With the UML, all of the hidden non-engineering purposes of modeling are brought to the forefront and made connectable, consistent, and applicable. UML models can be used to help conceptualize the context for an application. They can organize the requirements and package the work. They can, of course, embody the design. After that, they can provide the basis for generating usable results and the means to package the end result for deployment. Software architects and managers can use the same set of notations and conventions as designers and programmers to suit their purposes, as well as the purposes of engineering.

So, the UML helps to unify the practices of developing, planning, and managing software development by making modeling a pertinent part of all these activities.

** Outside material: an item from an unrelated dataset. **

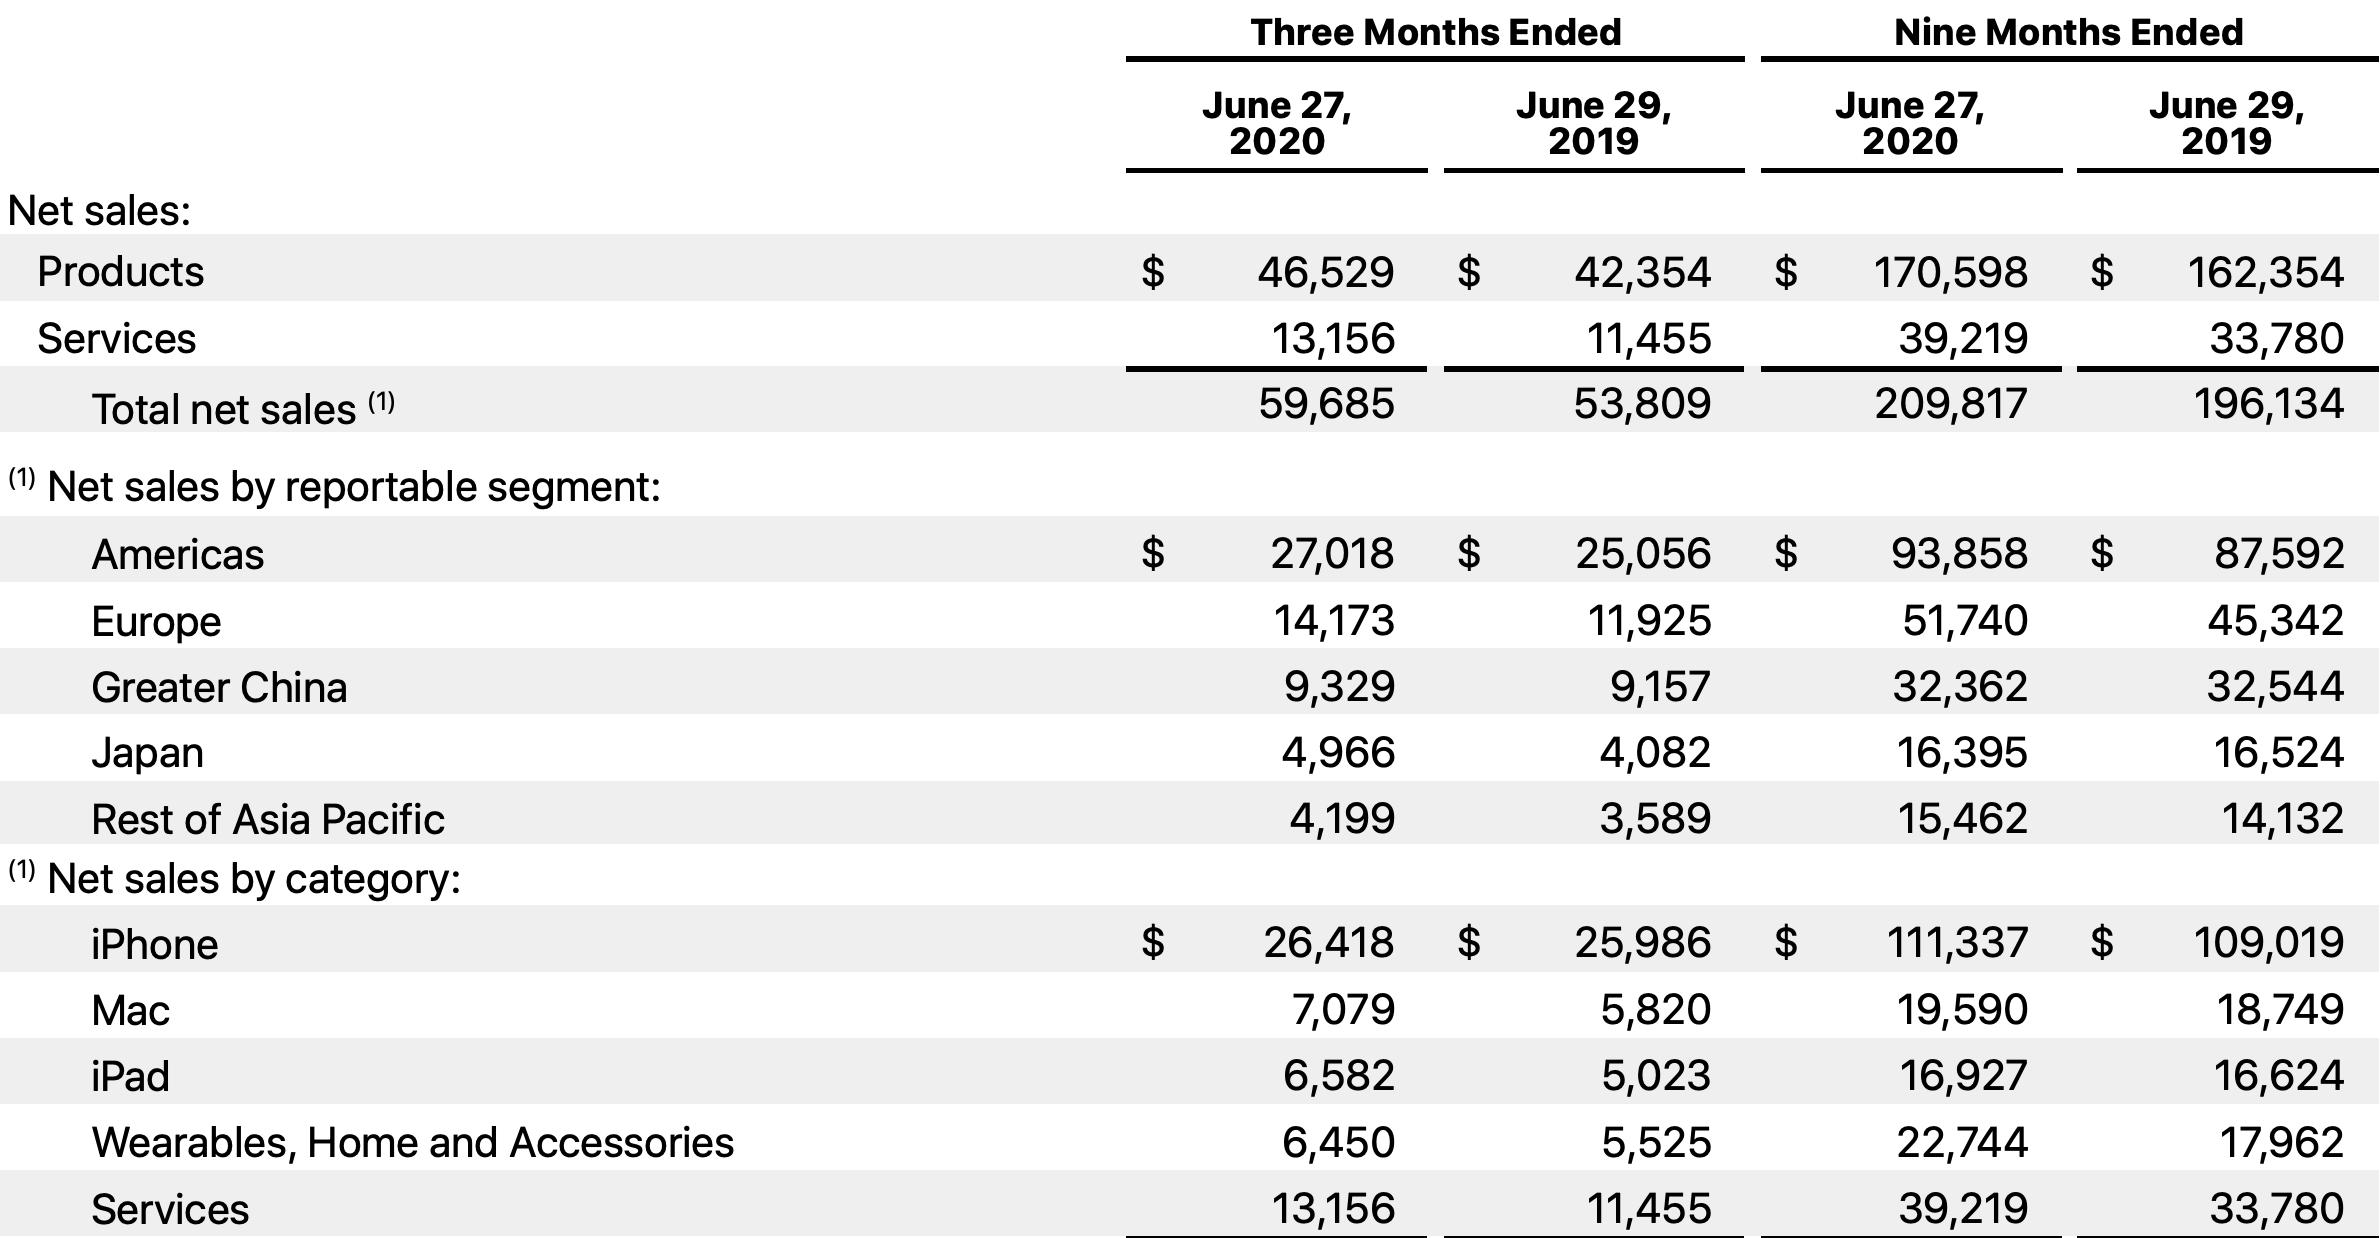 Wyniki finansowe Apple Q3 2020 FY

2.4.1 Best Practices: In the Eye of the Beholder

Essentially, the UML brings together the best practices of an increasingly mature software development community. In a phrase used over and over again in books and articles about the UML, the introduction to the specification claims that it "represents the convergence of best practices in the object-technology industry" (Object Management Group 1999, xi).

Of course, as with all best practices, many are most notably so in the eyes of the beholder. They are beliefs rather than empirically substantiated reality and meant to be taken with a grain of salt. And, as with beliefs of any kind, they are subject to the usual "religious" squabbles and/or interpretations.

The idea of best practices emerged in the manufacturing world. There, it is tightly coupled to benchmarking processes and measured performance. As an idea, it was adopted in software development with none of the rigor of manufacturing management. There is little benchmarking (more in Europe than North America) and, given the churn of technologies and processes within software development, there is little likelihood of any meaningful benchmarks for awhile. In IT, best practices is an inherited management idea with many meanings.

Shoshanna Zuboff described the evolution of management ideas in her book, In the Age of the Smart Machine. She uses a geological metaphor that adds some useful nuances to Kuhn's notions of the way a paradigm shift works. Zuboff suggests that "each period leaves a layer of sedimented beliefs," like the eons of previous geologies that can be seen in layered cliff walls (1988, 233). A paradigm shift is not a complete change. It encapsulates the beliefs of previous generations, but then moves on.

The evolution of software engineering ideas can be viewed the same way. The UML brings with it a great deal of baggage from earlier periods in software development (in particular, Structured Analysis and Design) and from the beginnings of object-oriented analysis and design. Not all of this baggage is excess baggage.

The gurus of previous modeling approaches articulated a number of sound, valuable insights into their work. The best results have a resonance that transcends their packaging, becoming best practices in the informal way that the software community thinks of such things.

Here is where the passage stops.